### WHAT YOU SHOULD DO:
A partial copy is required: transcribe exactly the lines from the one containing "Теплый сэндвич с" through the last line below, without any pictures.

### THE DATA:

--- START ---

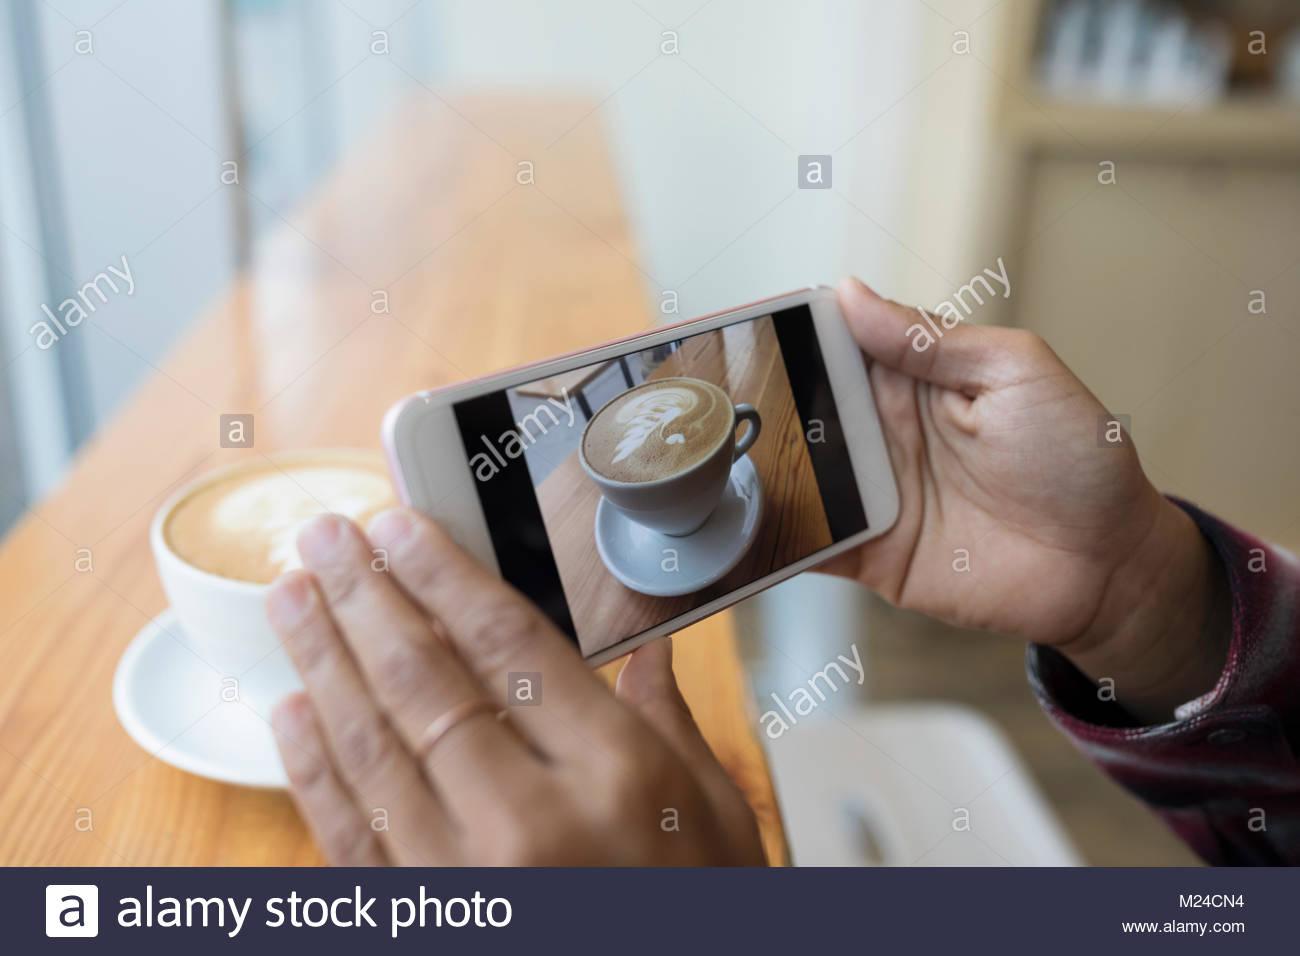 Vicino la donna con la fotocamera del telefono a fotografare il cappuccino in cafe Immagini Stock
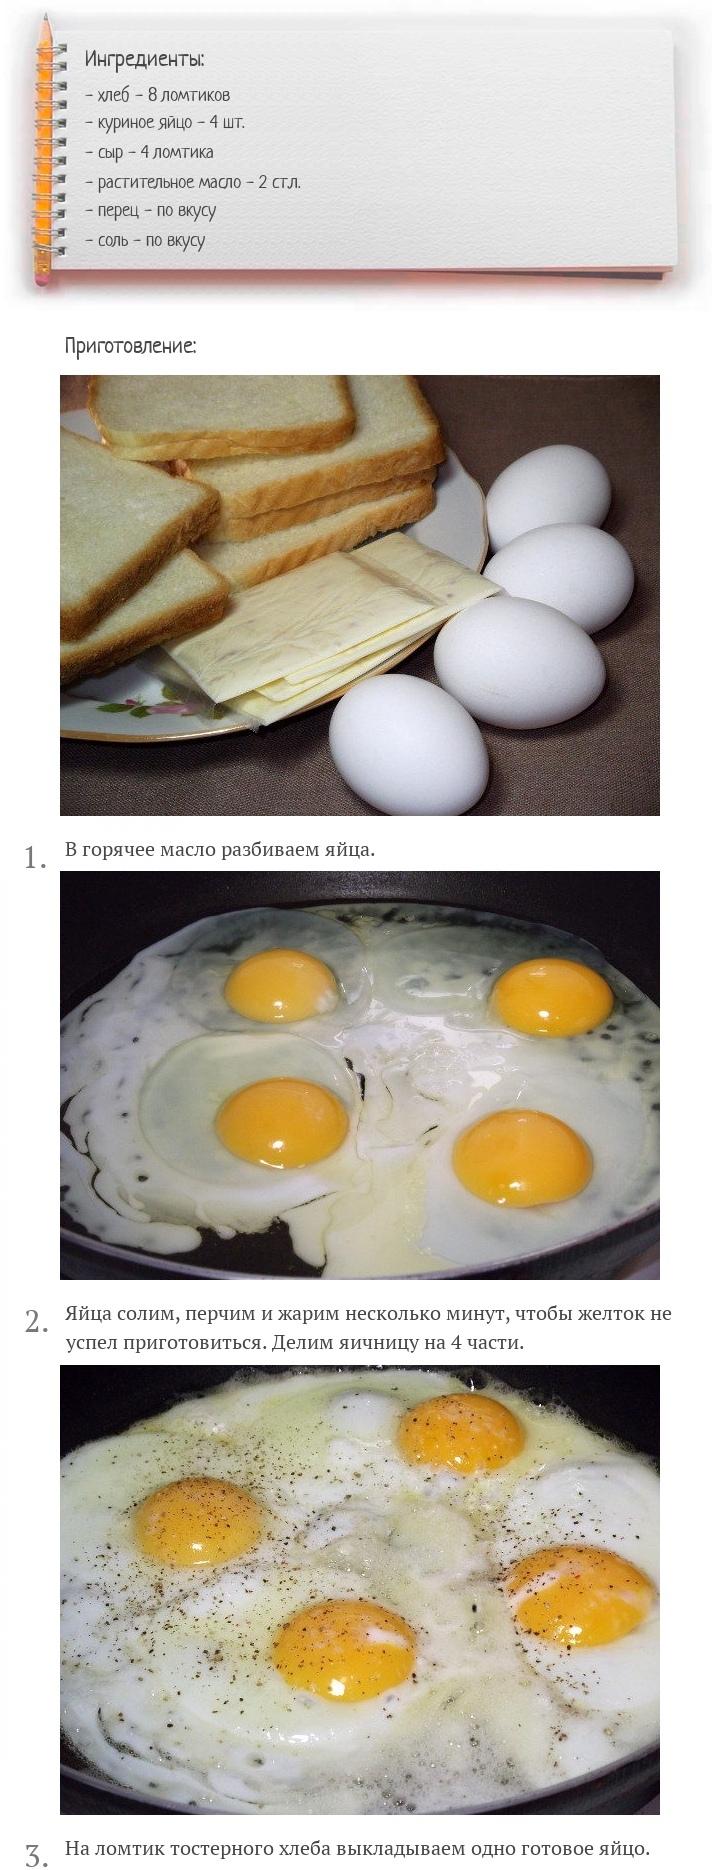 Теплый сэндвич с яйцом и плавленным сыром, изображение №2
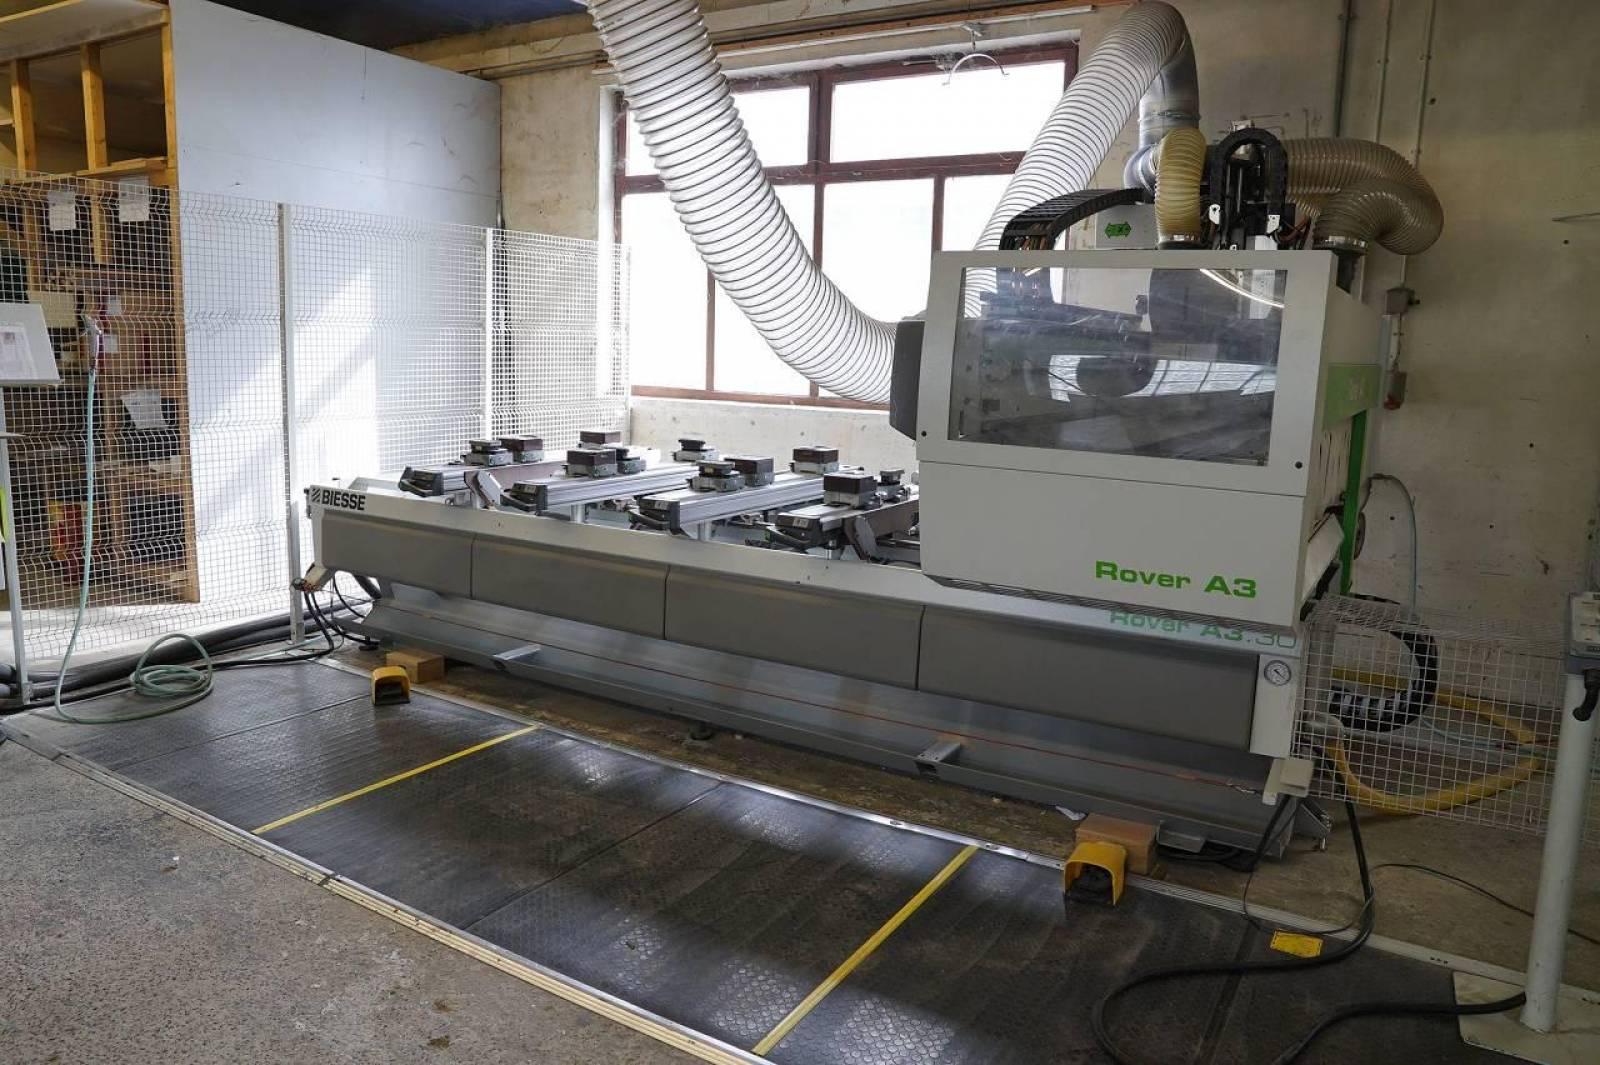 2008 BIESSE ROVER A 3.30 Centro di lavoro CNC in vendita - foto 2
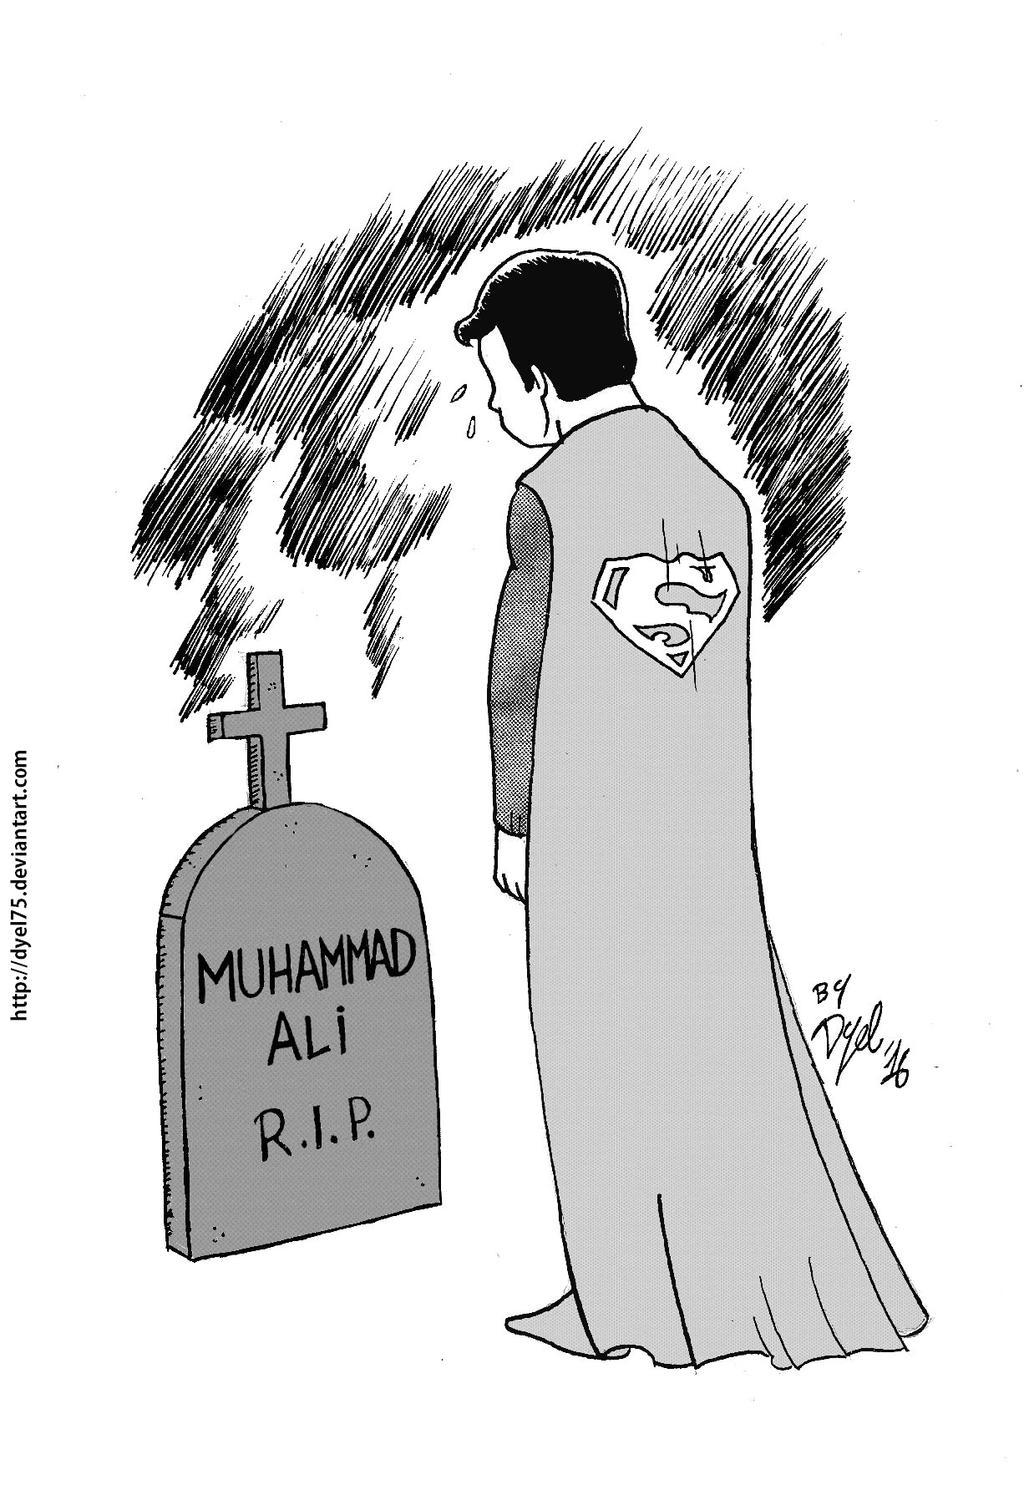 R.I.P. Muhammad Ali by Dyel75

--- END ---

### RESPONSE TO THIS TASK:
 Теплый сэндвич с яйцом и плавленным сыром, изображение №2
 2008 BIESSE ROVER A 3.30 Centro di lavoro CNC in vendita - foto 2
 R.I.P. Muhammad Ali by Dyel75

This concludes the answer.